George Carlin used to have a routine on this topic. His example was “As soon as I ram this hot poker up my ass, I’ll cut my dick off.” What word combinations have you made that have never been put together before? Here’s my latest example, said to my girlfriend:
“The alien needs another crotch-candle!”
(Please restrict your responses to things you actually said in conversation with another human being)
I’m sure I’ve said some weird things to people in my life. I just can’t remember what they were. I expect the recipient of strange sentences is more likely to remember them than the utterer.
Once when I was half asleep, my husband asked me something and I responded with “I can’t help right now I have to get the little monkey some beer” :eek: and I had no idea what I said untill he started lauhing and I woke up and asked him WTF?? Then we both laughed about it.

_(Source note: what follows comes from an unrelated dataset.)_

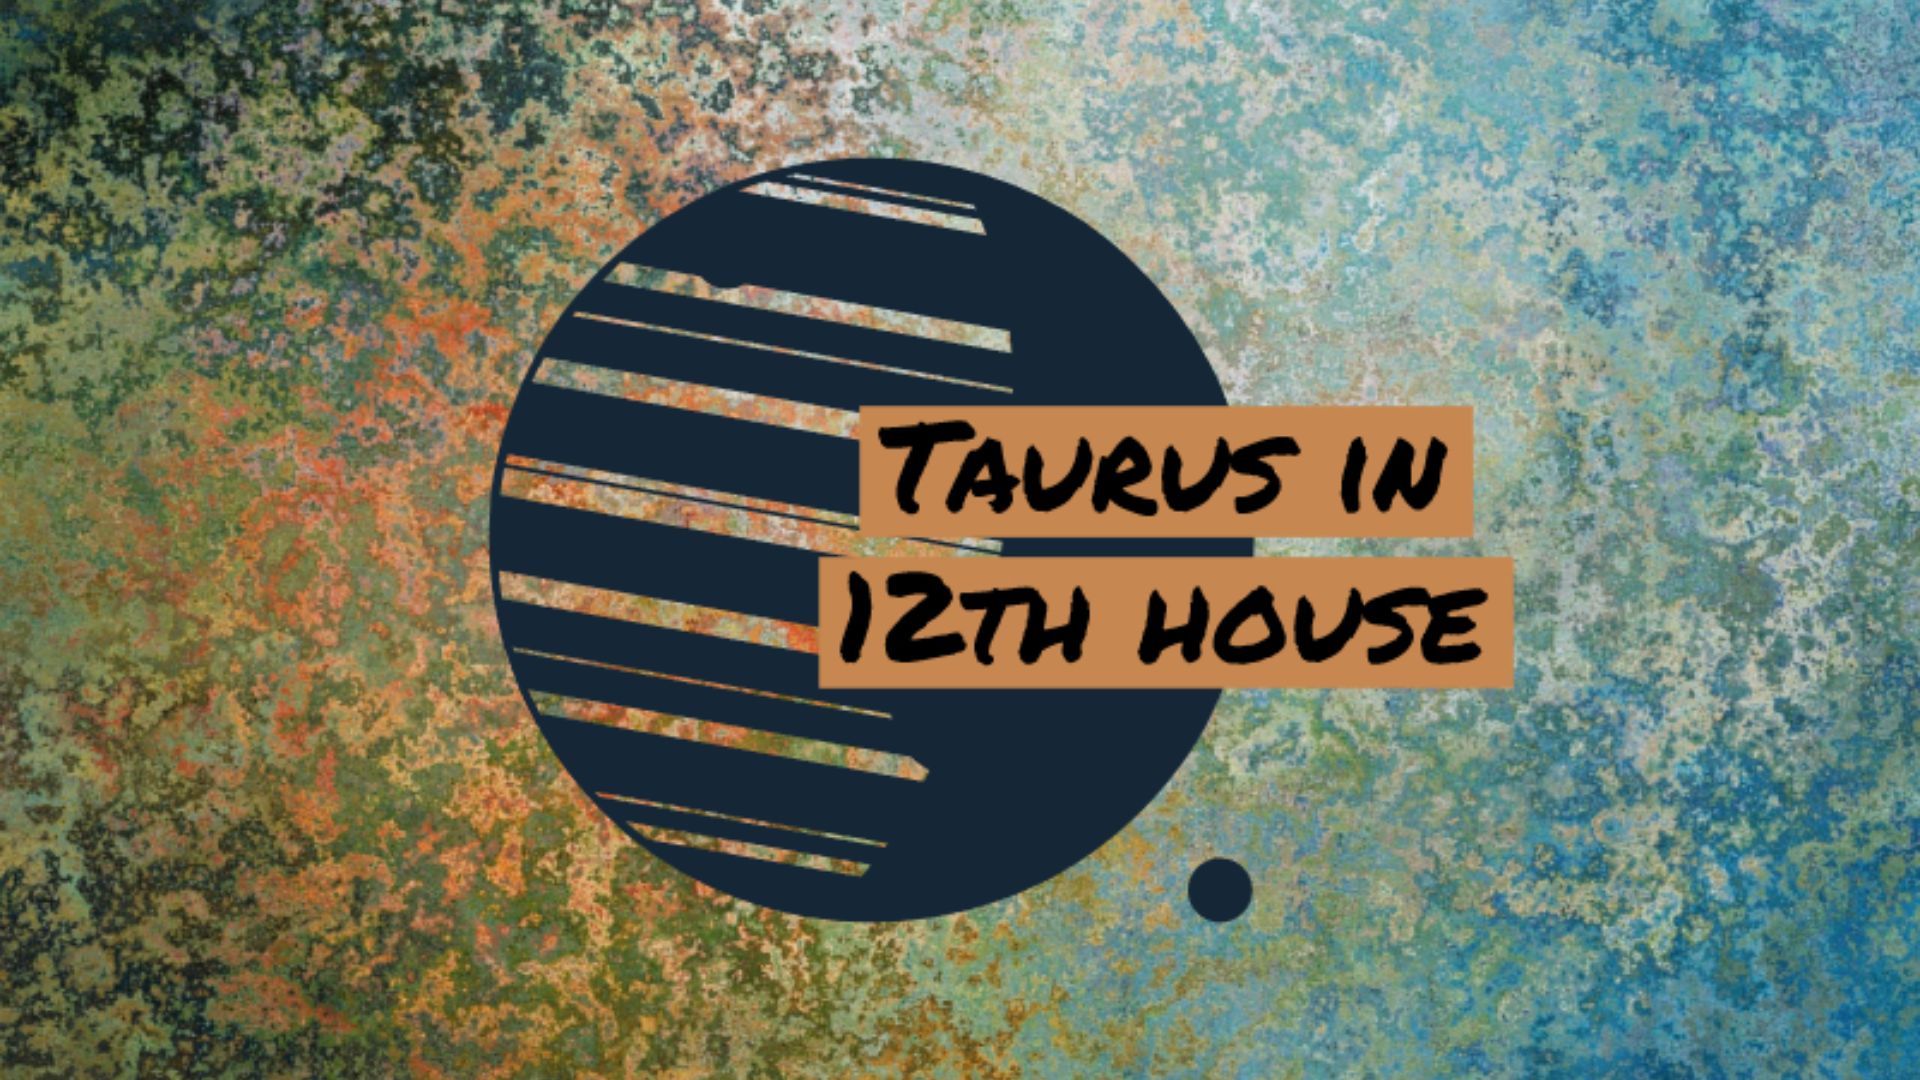 Taurus In 12th House written in a blue circle
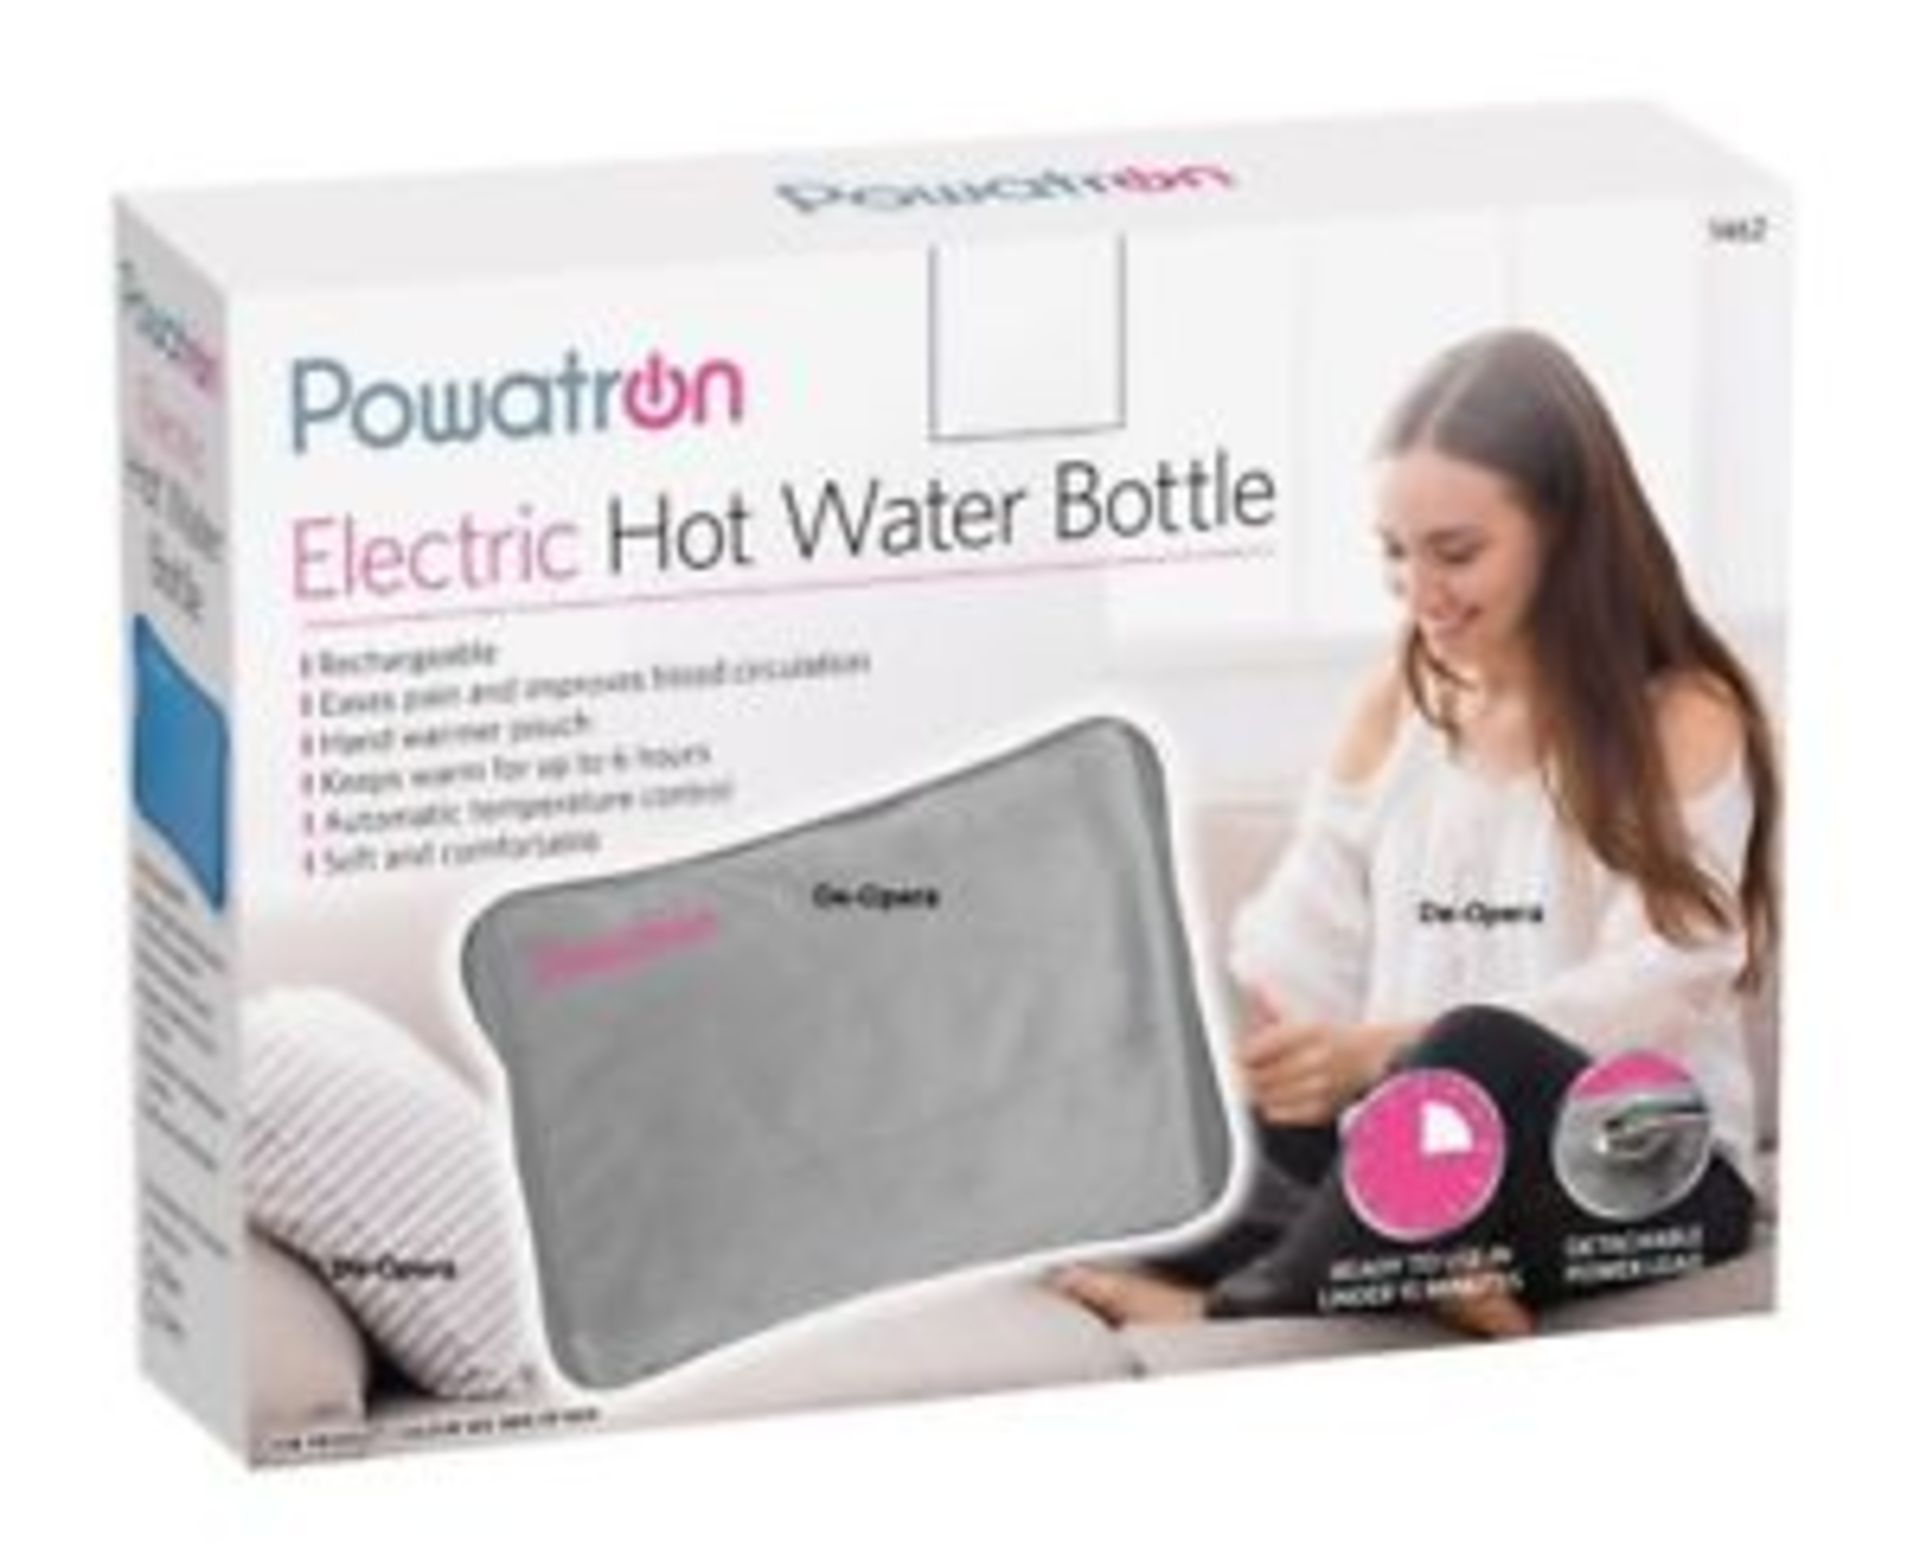 V Brand New Electric Hot Water Bottle-Rechargeable-Eases Pain & Improves Blood Circulation-Keeps

Then, another time we were being silly and making up nonsense stuff with geologic terms, we came up with “the bifracation of the manadnock has led to the pleochroism of the situation”
Courtesy of my wife: “Yeah, I was snoring like a light”.
Also, I’m the one who has to get her out of bed in the morning, and every now and then I’ll hear an interesting, still-half-asleep story about how she can’t get up yet because she has to go get the root beer for the elephants and if she doesn’t then the television won’t deliver any oranges this week. Or something like that.
“Don’t just sit there, come on over and join the party”
Said by me to my then boyfriend now husband a few days after my big back surgery. We were alone in a darkened hospital room, he was sitting by the window so he could see well enough to read (I think). I was in so much pain that … well let’s not think about that.
At this particular point I had a lot of morphine and no one had tried to make me move for a while. All the fun star-animals had come to hang out, invited by my good friend and guardian, the big red star horse. We were having a blast. And my poor sweetie was just sitting and reading his book.
As my friend and I walked out of Mayfair market, he was eating a handful of candies or something. I said ‘where did you get those?’ He said, ‘the sign said four-ninety-five a dozen, but I didn’t have a dozen, so I just took some!’
I have found myself saying things that I never thought a person should have to say, but I have a feeling that other parents have had to say them as well. Things along the lines of “it isn’t polite to poke strangers in the crotch with your crayons” and “mashed potatoes don’t belong in our ears” and so on.
What OpalCat said - sometimes some truly surreal stuff comes out of my face because of the children. Gallagher (shut up, I thought he ruled when I was 13) used the sentence, as demonstration, “Who put Vicks on the Cheez-Its?”
My very favorite so far is “Don’t hit people with Superman.”
I came to this thread because it was suggested that a sentence in my Pit thread would fit in: “Cock-chugging poison ivy.”
Making new and unusual sentences or phrases is a hobby of mine, too. But I took a Linguistics class some time ago and we were told that aside from stock utterances (like “Hi, Opal!”), there are so many possible sentences that can be formed in English that every sentence you speak has probably never been said before.